Referring to fig. 4, fig. 4 is a flowchart illustrating a method for monitoring fatigue behavior of a driver according to a third embodiment of the present invention.
Based on the first embodiment, before the step S10, the method for monitoring fatigue behavior of a driver in this embodiment further includes:
step S101: and monitoring the interference of various fatigue driving actions of a driver on the wireless signal to obtain a plurality of sample channel state information.
It can be understood that the car machine of this embodiment is provided with a sample data acquisition guidance process to guide the driver to make various different fatigue driving actions, specifically, actions such as yawning, frequent nodding, shaking, bending, and the like, and when the driver makes a fatigue driving action, the sample channel state information caused by the fatigue driving action is determined through the wireless signal transceiver terminal, and the sample channel state information is recorded.
Step S102: and respectively extracting the characteristics of the sample channel state information to obtain corresponding sample signal characteristics.
It should be noted that, wavelet packet decomposition is performed on each sample channel state information, corresponding wavelet packet energy characteristics and wavelet packet coefficient statistical characteristics are extracted, and the wavelet packet energy characteristics and the wavelet packet coefficient statistical characteristics corresponding to each sample channel state information are spliced to obtain sample signal characteristics.
Step S103: and reducing the dimension of each sample signal characteristic to obtain a corresponding target sample characteristic.
It can be understood that feature dimensionality reduction processing is performed on each sample signal feature by using Principal Component Analysis (PCA), and a plurality of target sample features are obtained.

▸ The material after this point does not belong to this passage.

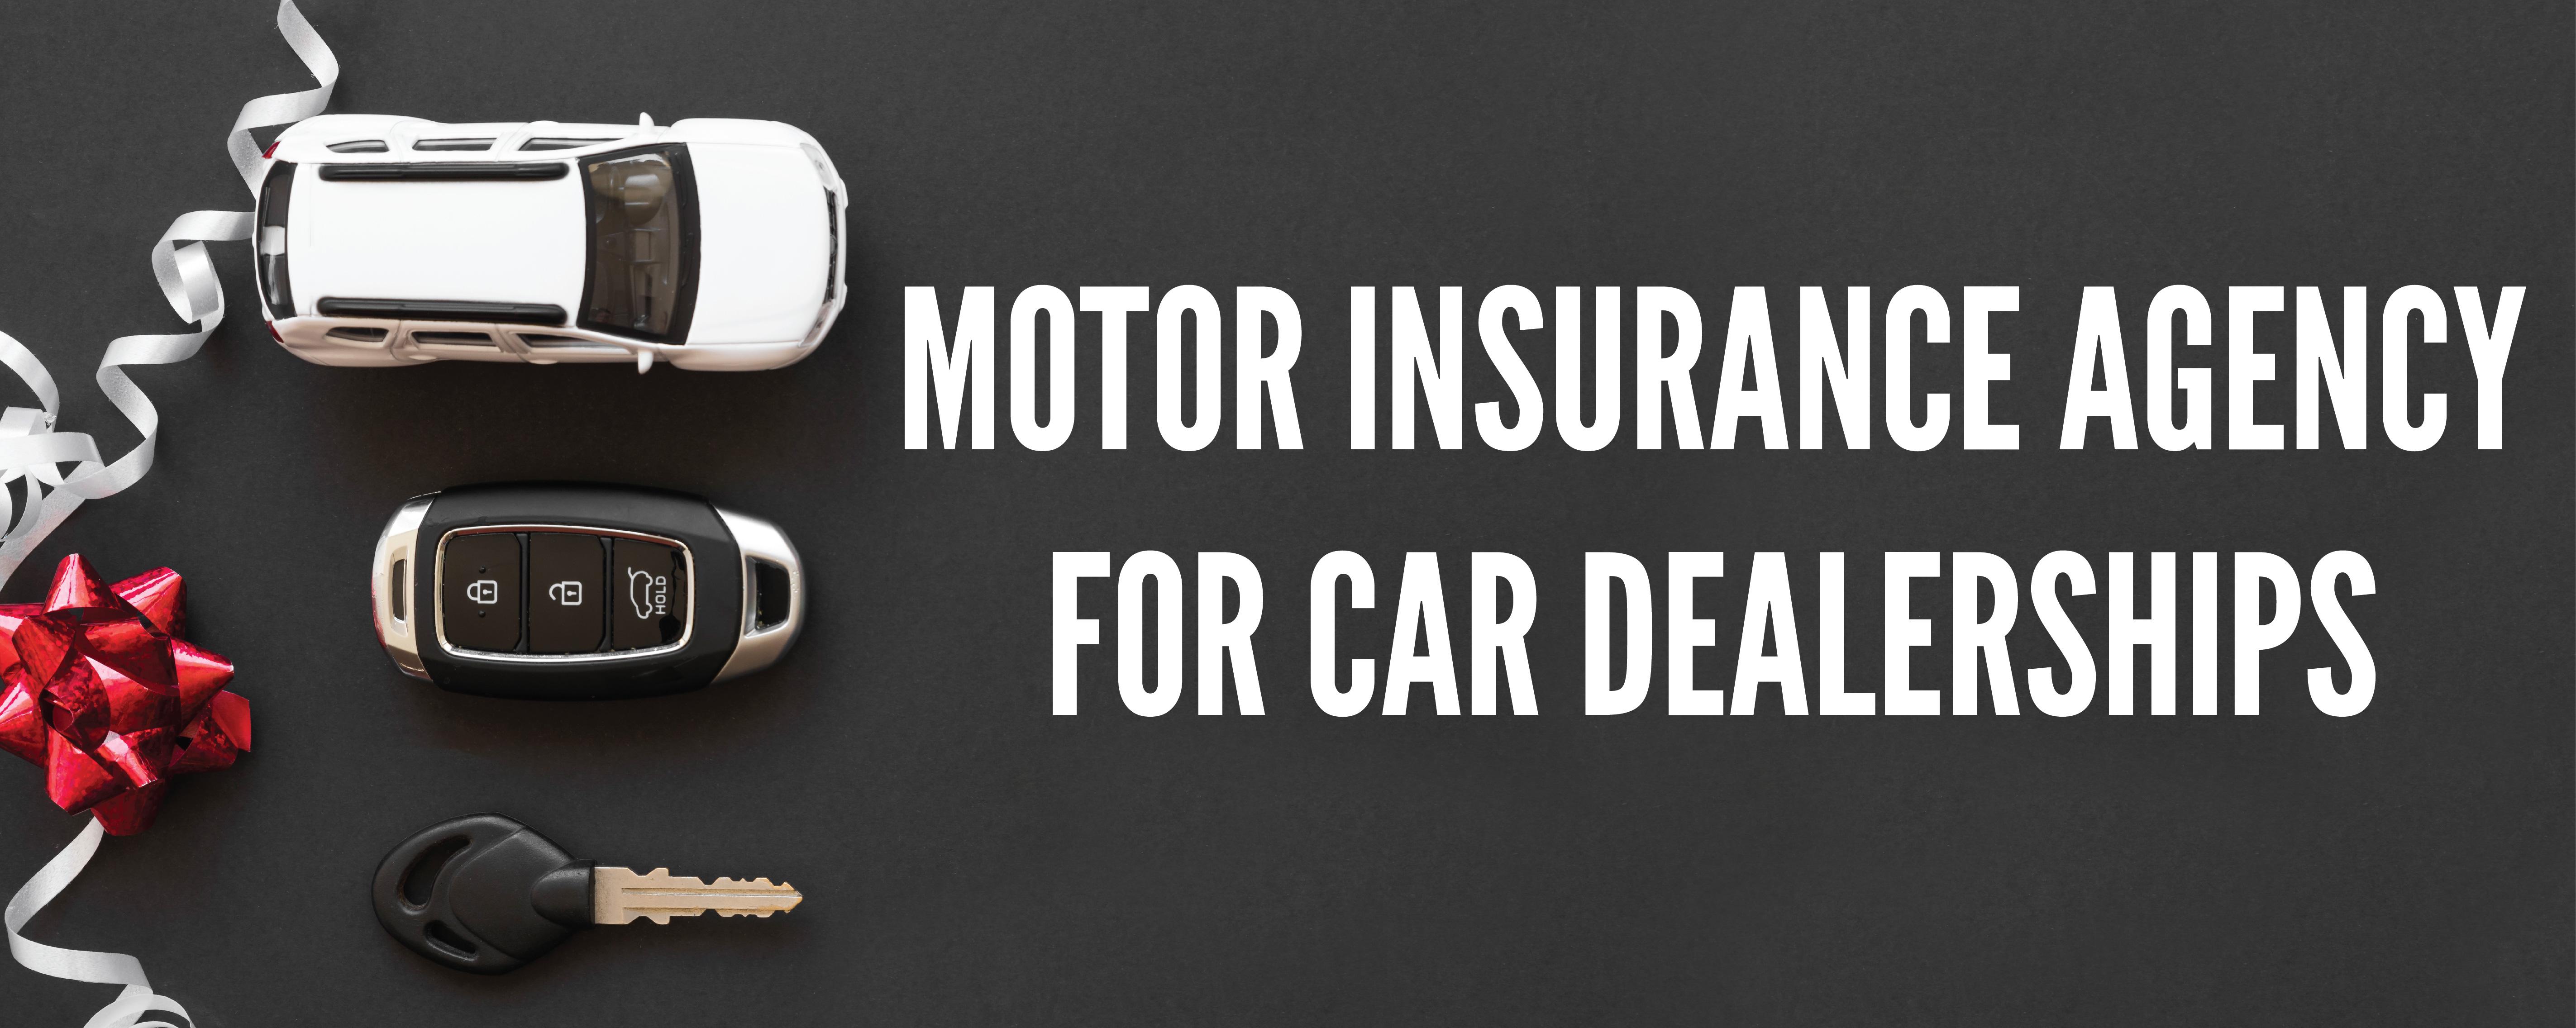 Motor insurance agency for Car Dealerships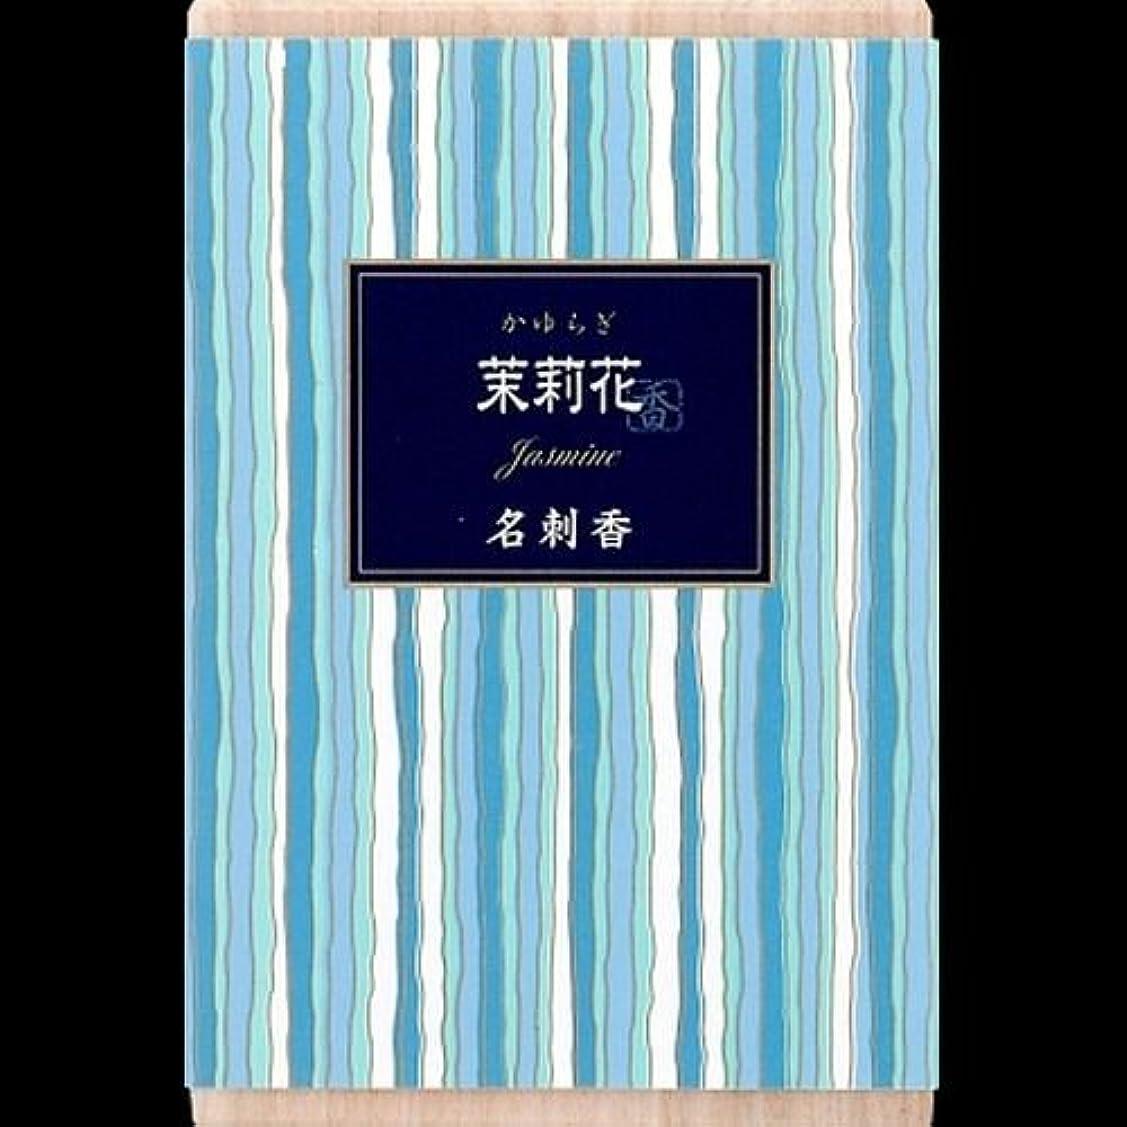 の前で一時停止美徳【まとめ買い】かゆらぎ 茉莉花 名刺香 桐箱 6入 ×2セット

Step S104: and constructing a training set and a verification set according to a plurality of target sample characteristics and corresponding fatigue action labels.
It should be noted that, in this embodiment, a large amount of acquired sample data is segmented according to a preset ratio, a training set and a verification set are constructed, and each sample data includes a target sample feature and a corresponding fatigue action tag. The preset ratio may be 7: 3.
Step S105: and training the initial fatigue behavior recognition model according to the training set to obtain the trained fatigue behavior recognition model.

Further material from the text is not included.